“Thriller” shouldn’t be defined as “the level below horror on a scale of frightening-ness.” Thrillers should thrill. There are many ways this can happen—one, it seems, is to tediously feed the viewer scare-lite material for an hour and twenty minutes, and then fling wide the flood gates of terror. You get the thrill, but you have to wait for it.
Joel Edgerton’s directorial debut feature, The Gift, follows married couple Simon (Jason Bateman) and Robyn (Rebecca Hall) as an old friend from Simon’s past, Gordo (Edgerton), begins to show up unexpectedly and often, leaving multiple gifts for his new neighbors. The gifts themselves aren’t actually mysterious (wine, a list of nearby services, and so on). But they are abundant, and Simon becomes unnerved.
The Gift’s suspense hinges on whether or not Gordo is as innocuous as he first appears. Even if you skip the trailer (as I did, for surprise-preserving purposes), you’re confronted with the poster at the theater entrance: Gordo is holding a box. The tagline is “Not every gift is welcome.” Okay.
We open on the married couple checking out an empty house, talking about a “new start.” Eerie music is already playing. The terror tenor will not rise above this level for another hour. That’s how long it takes before Robyn starts to catch on. But while this bit seems pretty obvious the first time the couple haplessly lets Gordo stay for dinner, it’s played as if it’s a big reveal.
The first half of the film seems to leave us thinking that Gordo’s presence is a catalyst to make the couple confront the person to whom they’re really married—a button-pusher for all the sub-surface marital strife to burst through. And that would have been neat.
But if that’s what the movie’s trying to be in its first half, it doesn’t work, mostly thanks to a flimsy script. Bateman and Hall feel like stand-ins for a couple who have a real connection. They talk to each other onscreen like they never have any conversations offscreen. Simon, weirdly, declares to people he just met at a cocktail party that they’re “trying to start a family” (that got personal pretty quickly).
And then he makes remarks on Gordo’s gifts: “I hope his next gift is a knife, so we can make sushi out of those fish.” Huh?
Let’s pause on the subject of Jason Bateman as Simon, the once high school bully turned corporate cutthroat and violent arguer. This is a bad case of a miscast comedy favorite. Bateman can do funny (Arrested Development, Horrible Bosses), he can do action (Hancock), and he can do avoiding dad-hood (Juno, The Switch). But this is an odd place to put him. Between his uncomfortable script and his role as a as a lying cad, he’s not only hard to like, he’s hard to believe. He throws himself into it, but to take away his comedic timing is to take away some of his greatest appeal. It’s not his just his character who’s unappealing—it’s also his presence in this role.
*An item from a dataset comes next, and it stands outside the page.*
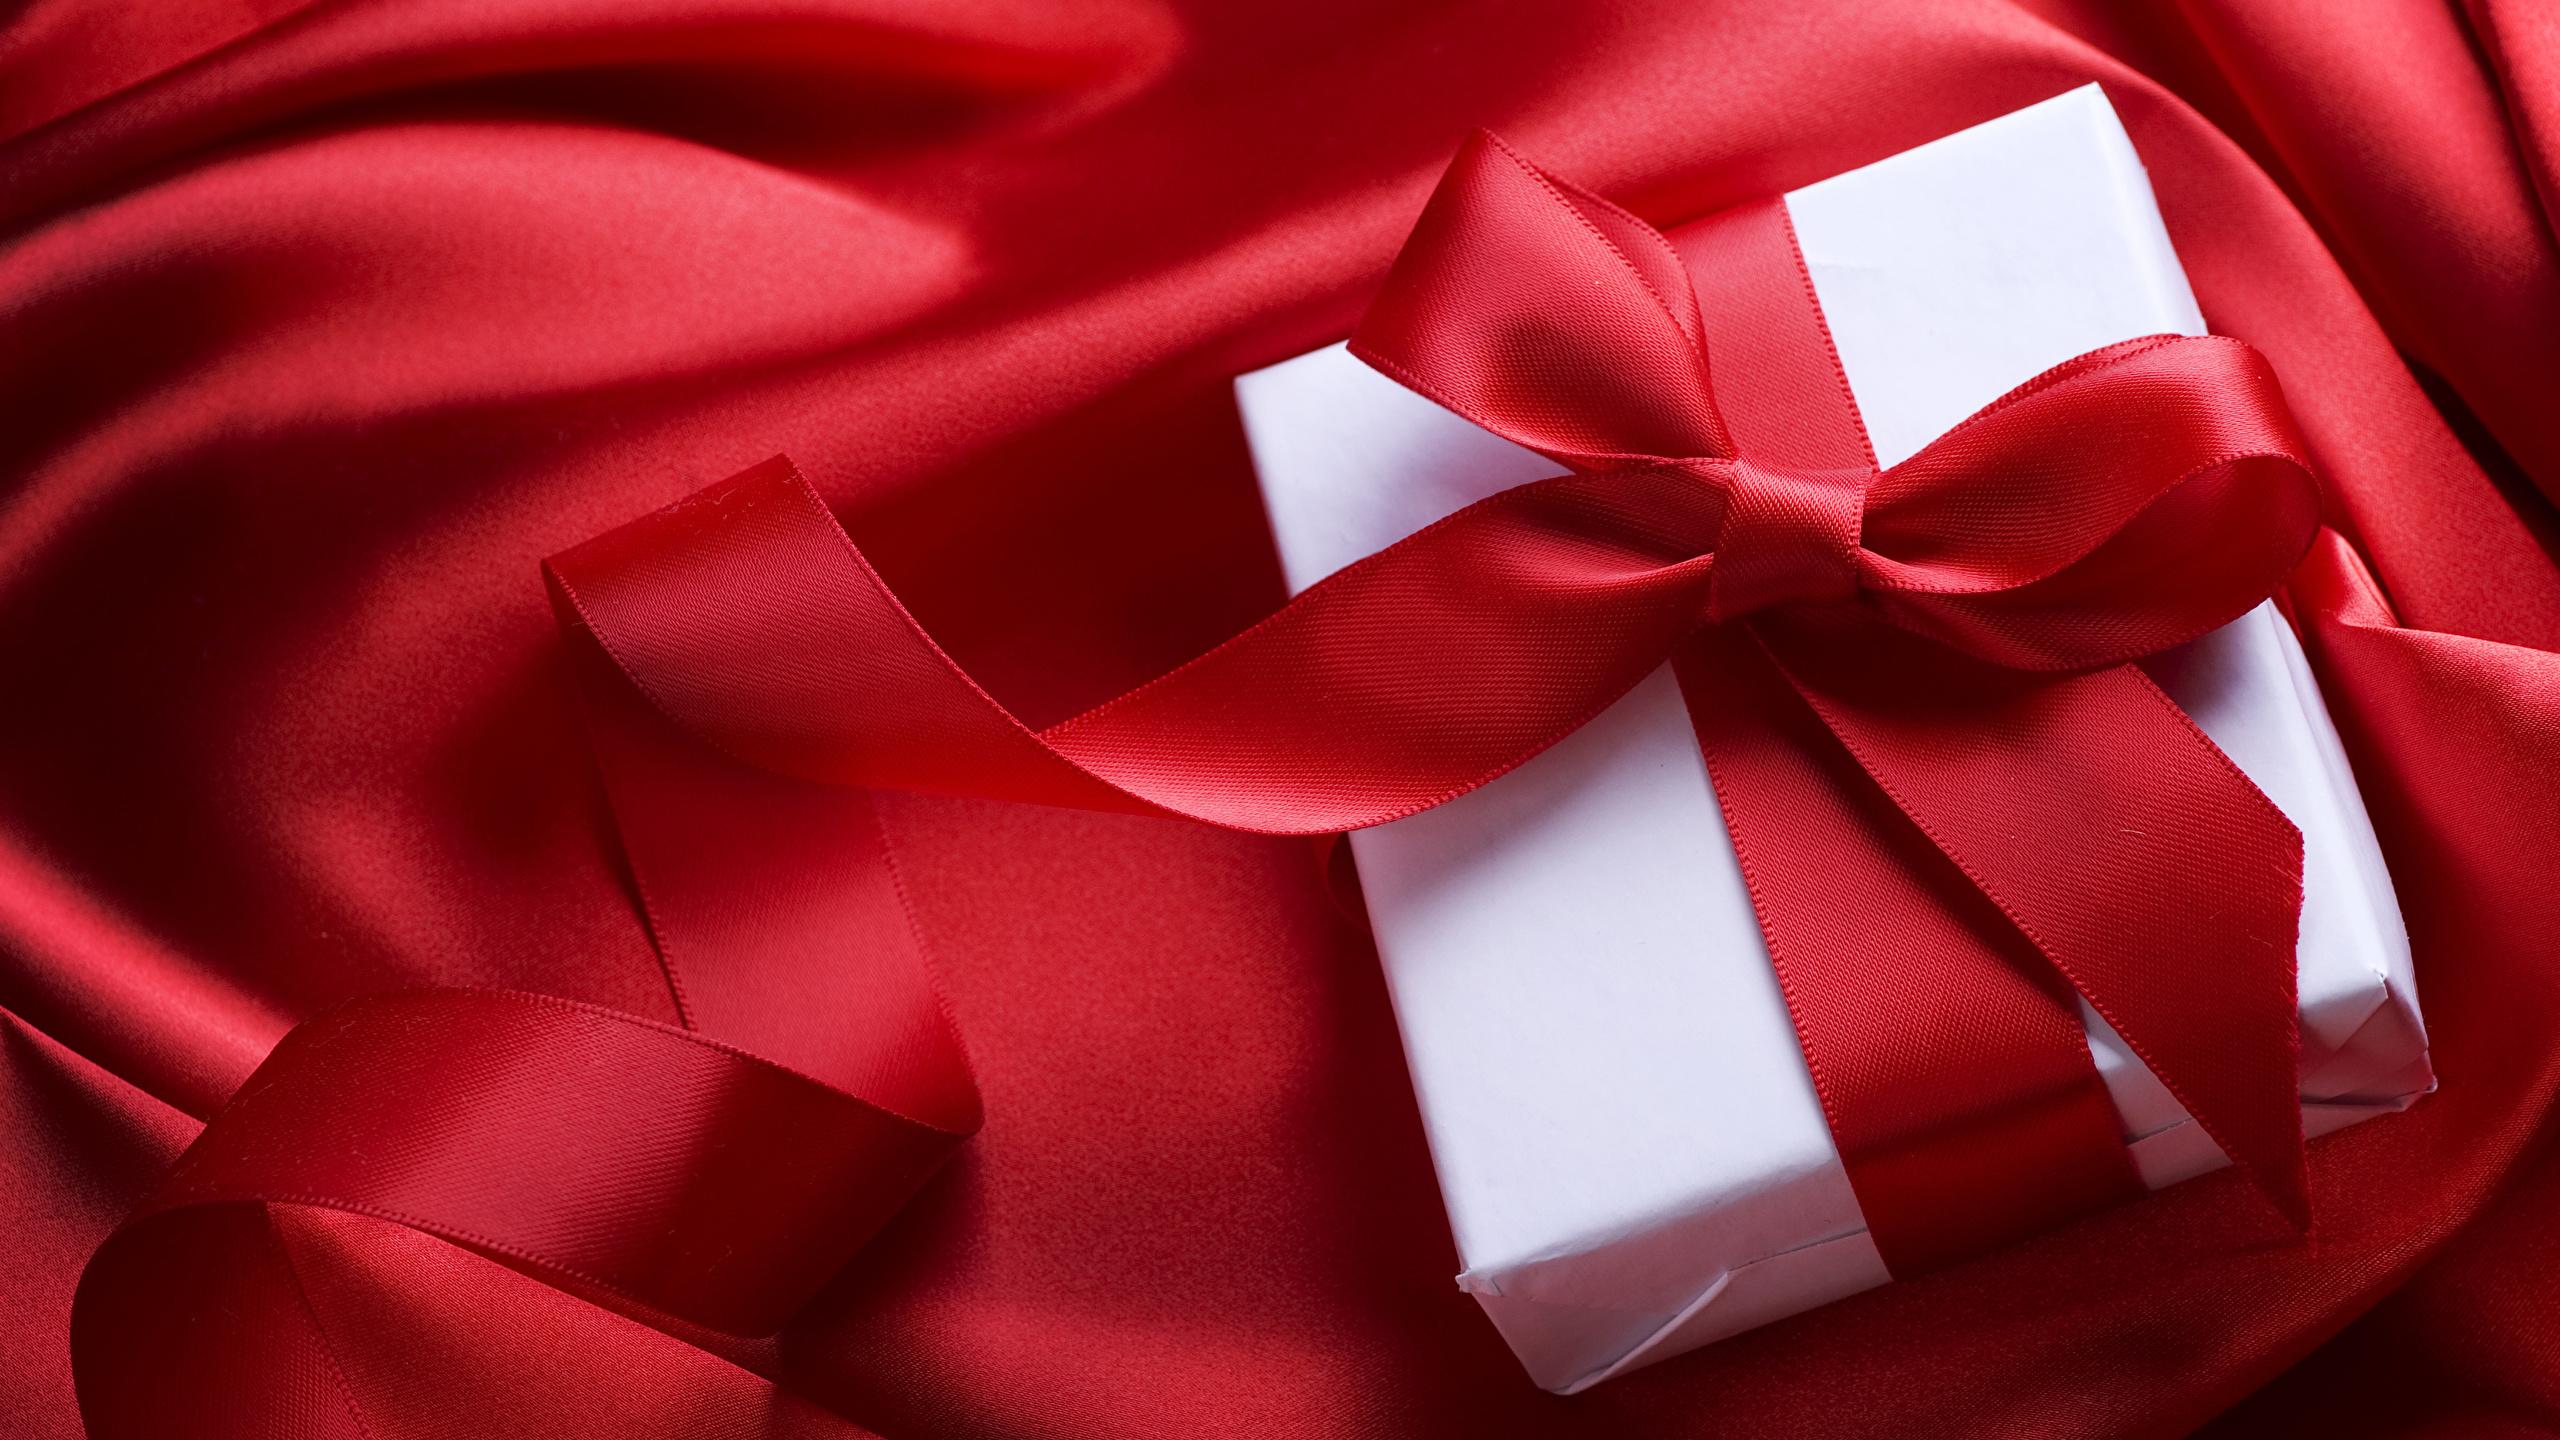 Fonds Decran 2560x1440 Saint Valentin Rouge Cadeaux Noeud

But Edgerton is well cast, awkward and fumbly with little undercurrents of cunningness at the right moments. In some scenes, he’s just unnerving enough to keep us wondering what his true nature is. This would be great if there were just a bit more doubt as to his villainy—but again, that poster. The music. The history. The audience is not oblivious, especially when there’s not enough shock or violence throughout the whole film to absorb all attention.
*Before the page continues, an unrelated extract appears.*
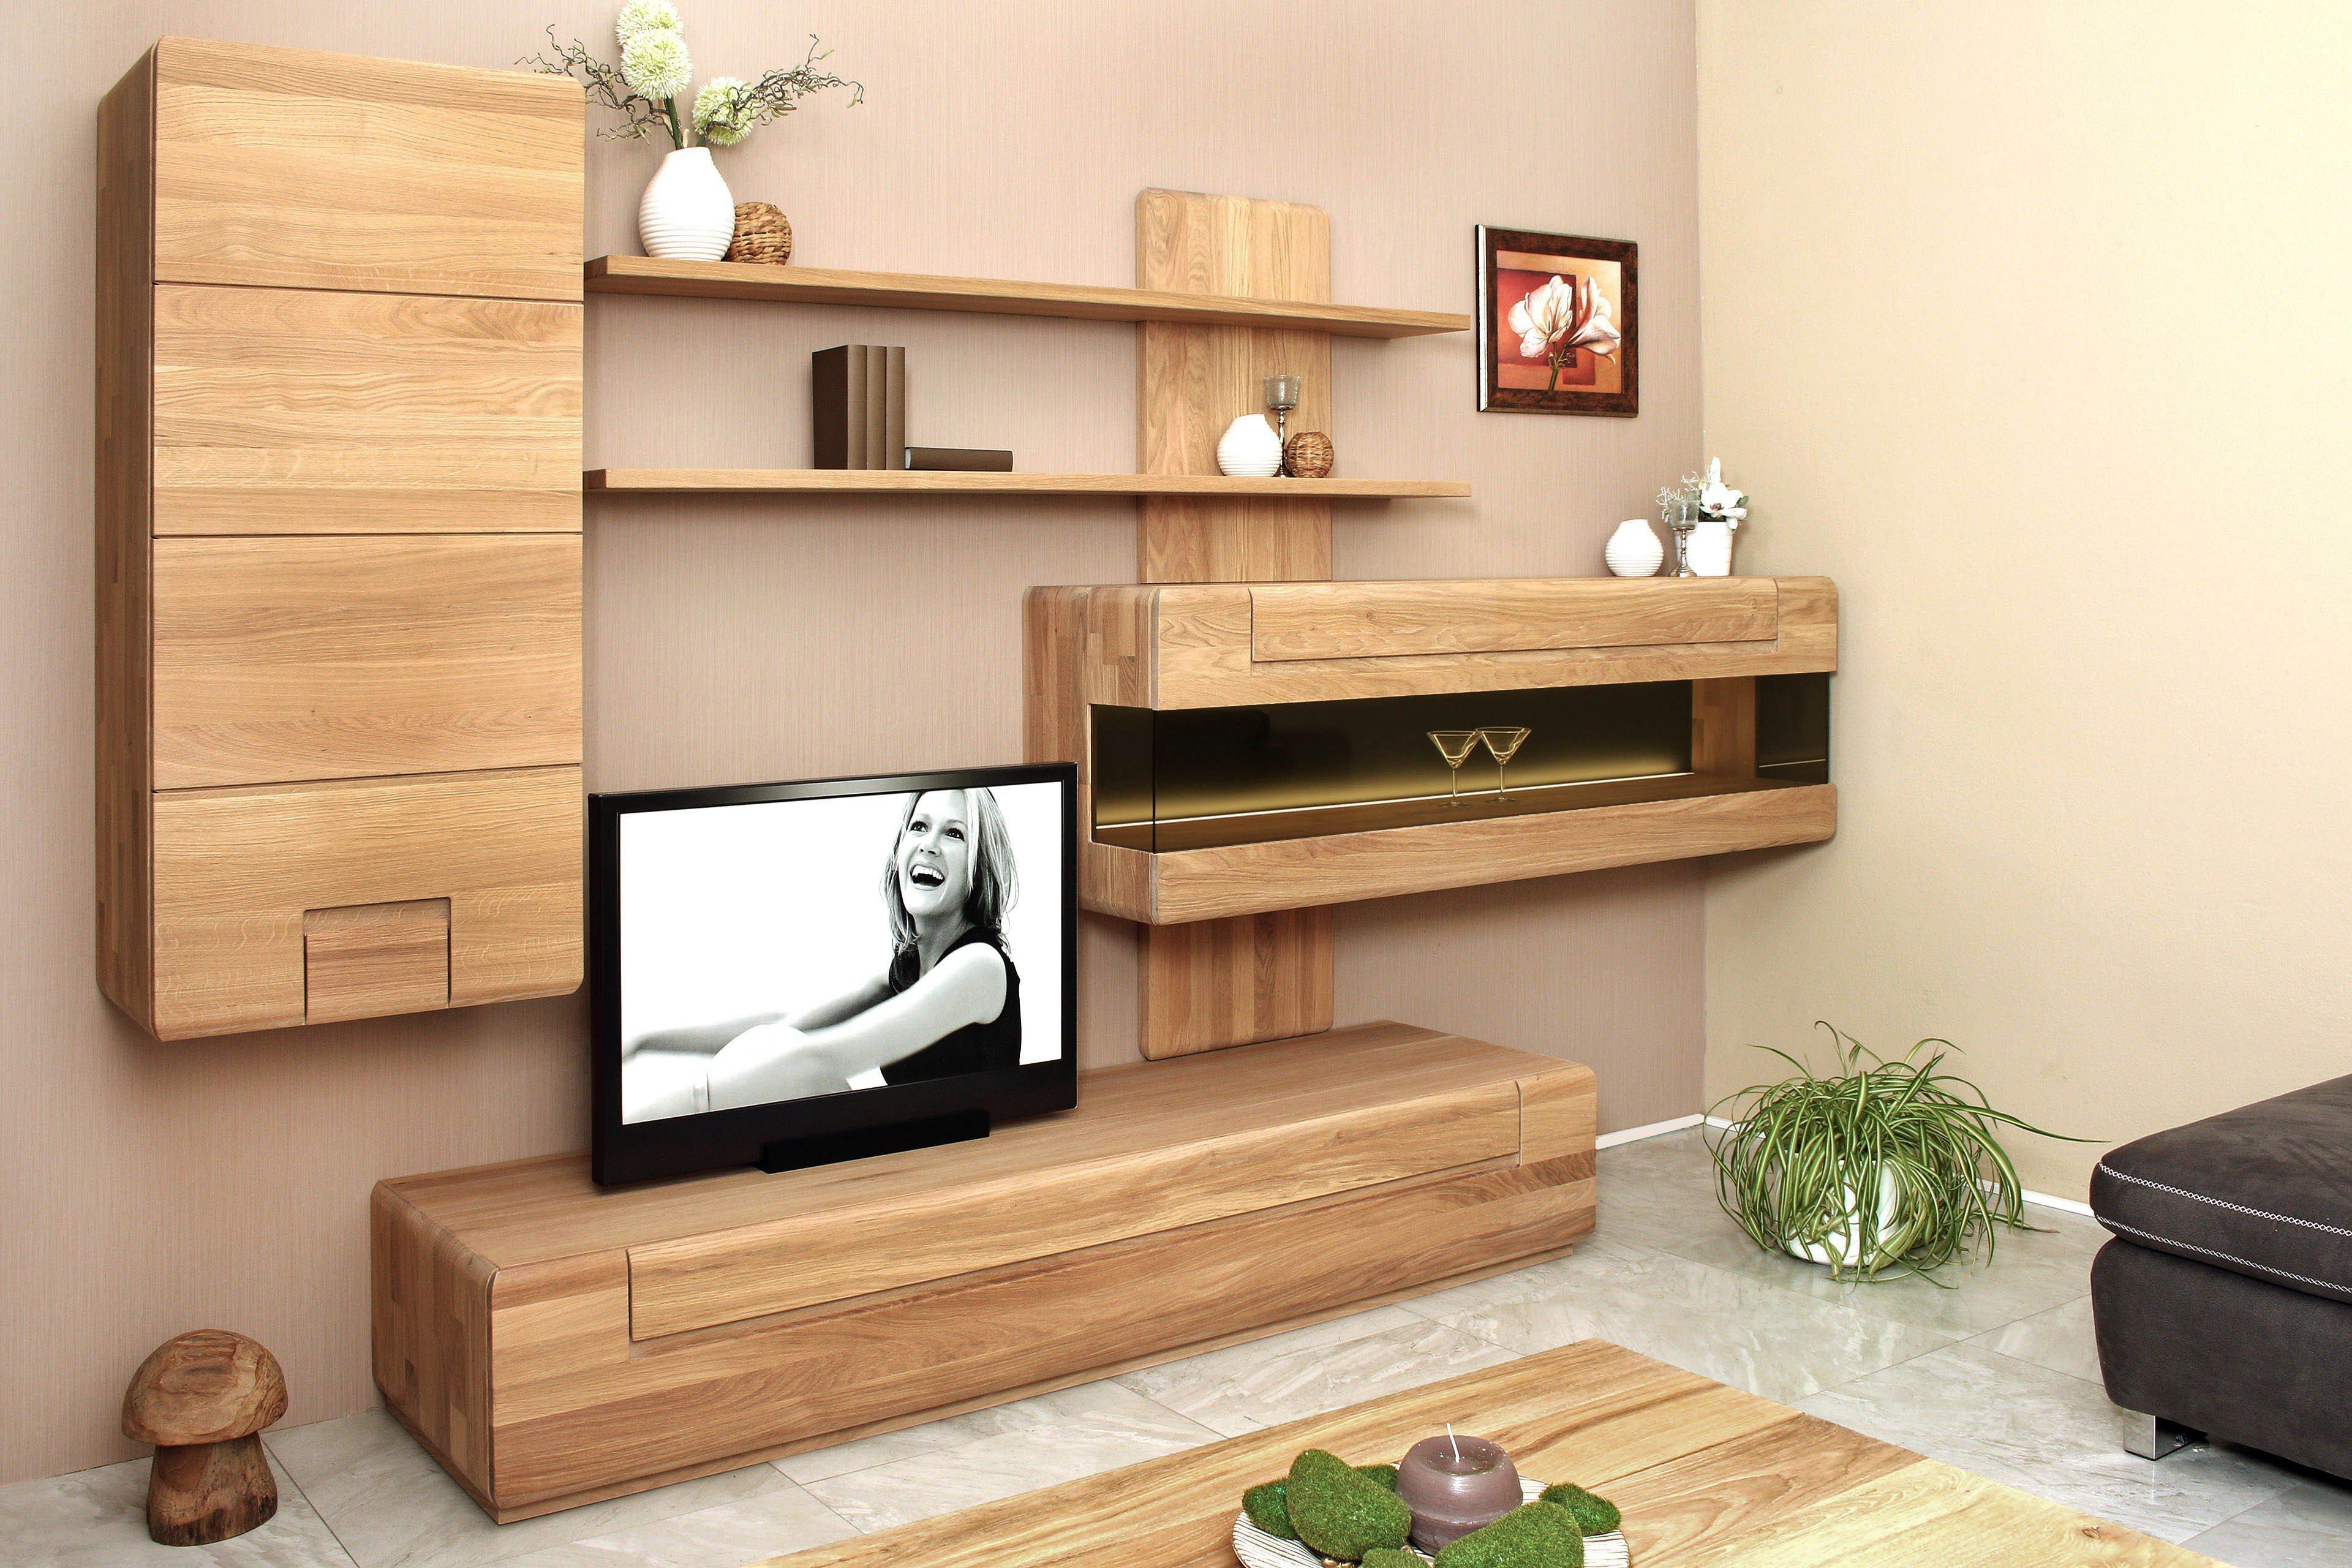 online moebel kaufen de trendy lokano von rietberger couchtisch in nussbaum with online moebel. Black Bedroom Furniture Sets. Home Design Ideas

Thrillers follow some standard rules: if the haunted couple owns a dog, it must be the first to disappear. When the wife starts fearing the stranger, she must have a frightening dream we initially assume is real. And yet, The Gift doesn’t hit these eerie notes well. They arrive to make us jump, but only after 15 or 20 minutes of banal: painfully uninteresting chats with neighbors, Bateman and Hall trying to achieve chemistry with flat ingredients, and Simon yammering about the weirdness of Gordo to bump up his bully status.
The conclusion will probably stun you, and it’s firmly good and scary. But possibly not worth waiting through everything before it.
Caveat Spectator
This film is rated R. Bateman swears and gestures and makes imitations of genitals with his fingers. Someone breaks into a home and throws punches as cocktail party guests. One character’s past involving molestation and attempted abuse is discussed. A scene implies rape but doesn’t show it. Most moments of peril involve is-there-someone-in-the-house moments.
Taylor Lindsay is a writer living in New York City.